In 1963, Hunt again split the season between Macon (now a Class AA affiliate) and San Diego, though he only pitched two games for the Padres. In 19 games (18 starts), he had a 7–9 record, a 4.50 ERA, 56 strikeouts, and 89 walks in 88 innings. He spent all of 1964 with Macon, which switched to the Southern League. In 25 games (14 starts), he had a 7–6 record, a 4.59 ERA, 69 strikeouts, and 63 walks in 98 innings.

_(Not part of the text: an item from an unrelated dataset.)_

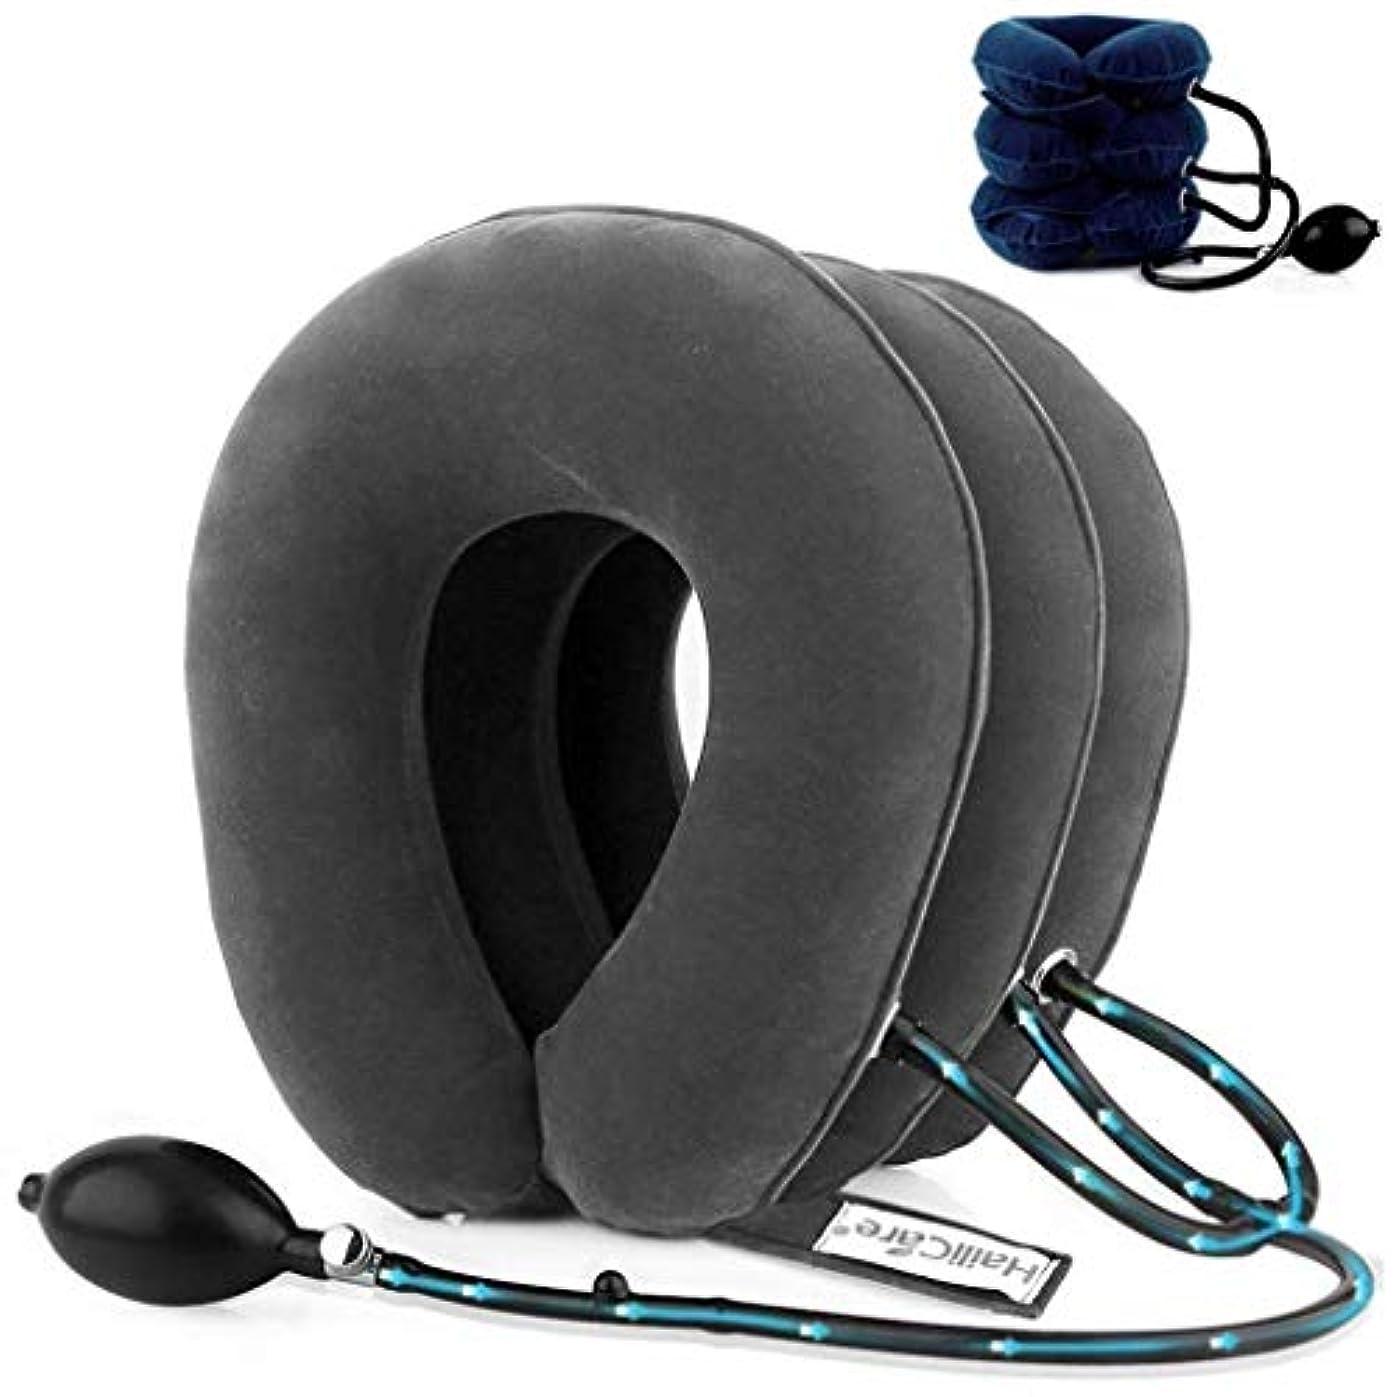 筋肉の脚本大型トラック首のマッサージャー、膨脹可能なマッサージの首の枕、頚部牽引装置、背部/肩の首のマッサージャー、ヘルスケア、苦痛救助/圧力 (Color : Gray)

Cincinnati switched its AA affiliate to the Knoxville Smokies of the Southern League in 1965, and Hunt pitched one final season for them, losing two games and posting a 6.92 ERA in 12 games (four starts). He also got spent time with the Baltimore Orioles' organization that season, giving up five runs in three innings of three games for the Class AAA Rochester Red Wings of the International League that year. His career ended at the age of 26, with him having pitched one season in the major leagues.

==Later life==
Following his baseball career, Hunt earned his bachelor's degree from Brigham Young University, then taught English and coached basketball and baseball at Morgan High School in Utah from 1983 through 2003. As a basketball coach, he was twice named Utah's 2A coach of the year. In 2004, he was grateful to be inducted into the Utah Sports Hall of Fame. He and his wife had three children: Ken III, Jennifer, and Adam. An avid sportsman, he liked to fish, hunt and camp. Hunt also was an enthusiastic Utah Jazz fan who would shout at the TV while watching their games. Hunt died in Morgan at age 69 while in hospice.